Текст книги "Небеса ликуют"
Автор книги: Андрей Валентинов
Жанр:
Альтернативная история
сообщить о нарушении
Текущая страница: 10 (всего у книги 25 страниц) [доступный отрывок для чтения: 10 страниц]
О том, что случилось на развалинах Топе-Тархана, о красотах и соблазнах города Бахчисарая, а также о некоторых обычаях и традициях Татарии.
Разбойники: Эй, парень! Присоединяйся к нам! Ты сможешь грабить, жечь, пытать, издеваться, насиловать девок и баб, пьянствовать и жрать вволю. Черт побери! Ты не прогадаешь!
Илочечонк: Но зачем все это? Во имя чего?
Разбойники: Вот дурак непонятливый! Ясное дело – во имя свободы!
Действо об Илочечонке, явление девятое.
Шторм, гнавшийся за нами от самой Варны, опоздал.
Зато не опоздал ветер.
Загудело, засвистело к полуночи, а под утро старая мазанка, в которой довелось ночевать, была готова взлететь – прямо в к низким тучам, цеплявшимся за вершины близких холмов, покрытых черным мокрым лесом.

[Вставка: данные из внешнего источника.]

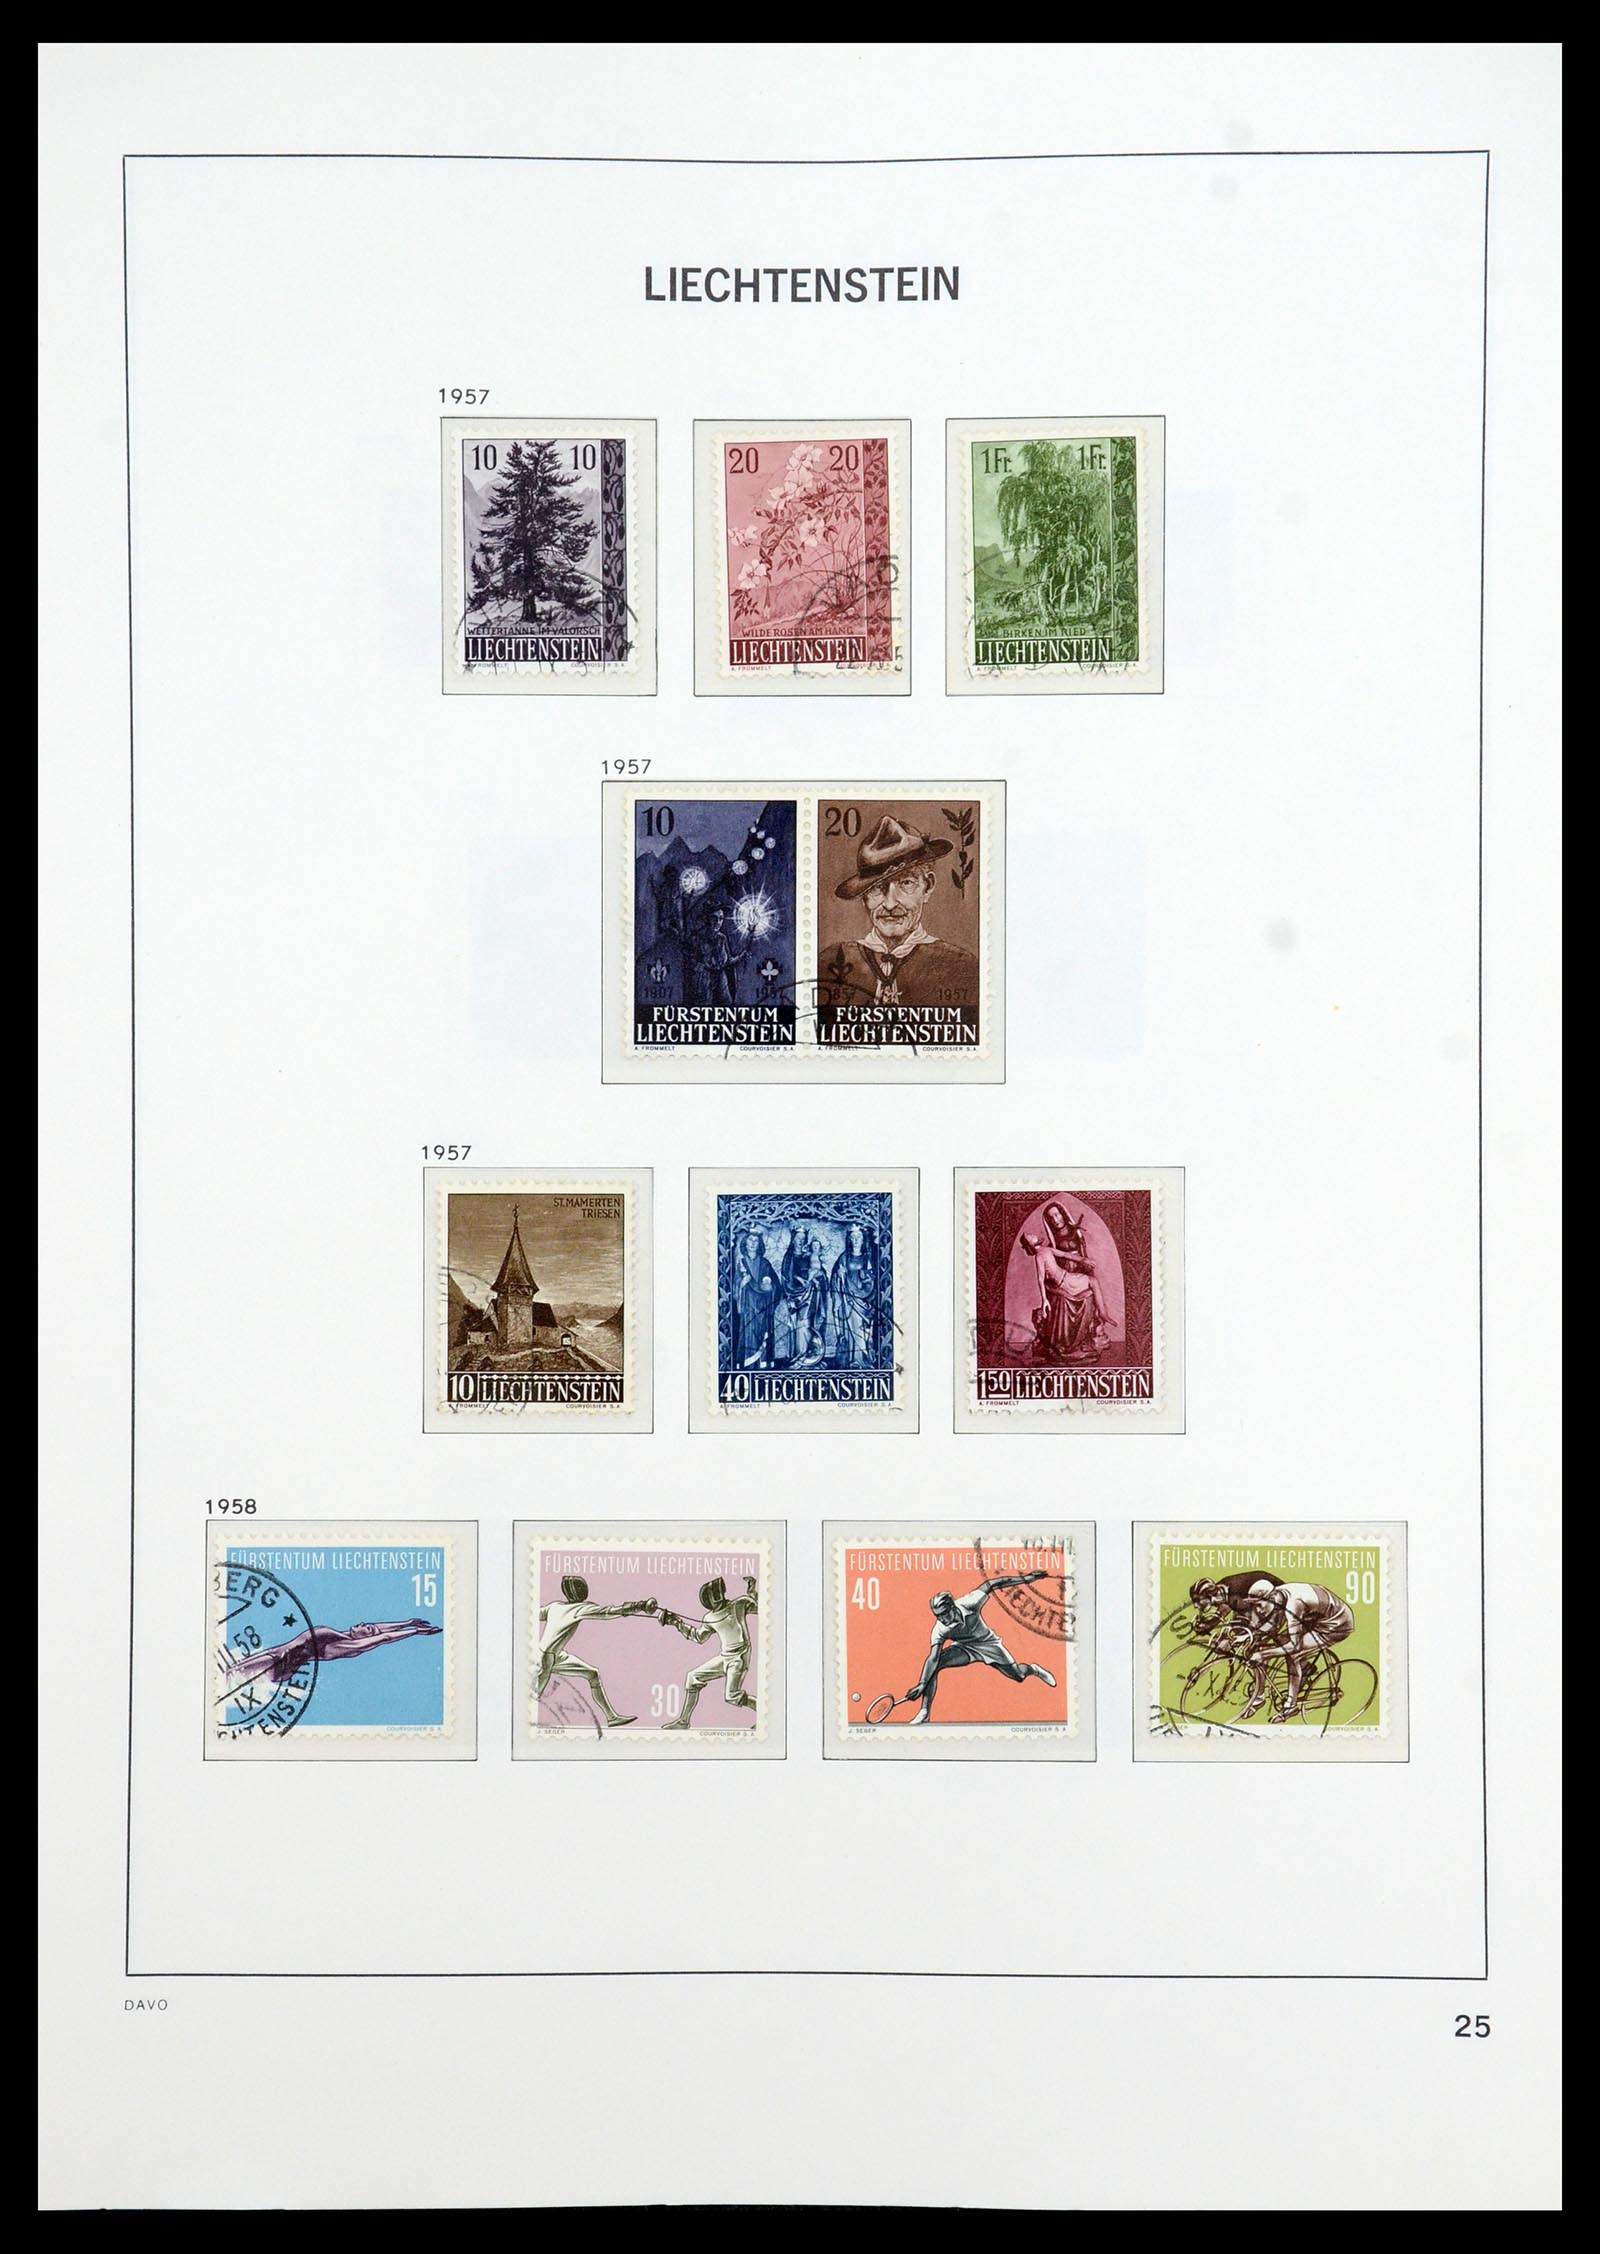 35896 026 - Stamp Collection 35896 Liechtenstein 1912-1990.

Очаг, сложенный из потрескавшегося известняка, чадил до рези в глазах, и я, как только на дворе побледнело, поспешил накинуть плащ и выйти на берег.
За ночь море подобралось ближе. Громадные волны несли седую пену, причал исчез, скрывшись под темно-зеленой рябью. Пропала и половина лодок, вытащенных загодя на берег. Резкий дух гнилых водорослей забивал горечь дыма, срываемого ветром из низких приземистых дымоходов.
Да, нам повезло. Март – не лучший месяц для плавания по этому морю, давно переставшему быть Гостеприимным.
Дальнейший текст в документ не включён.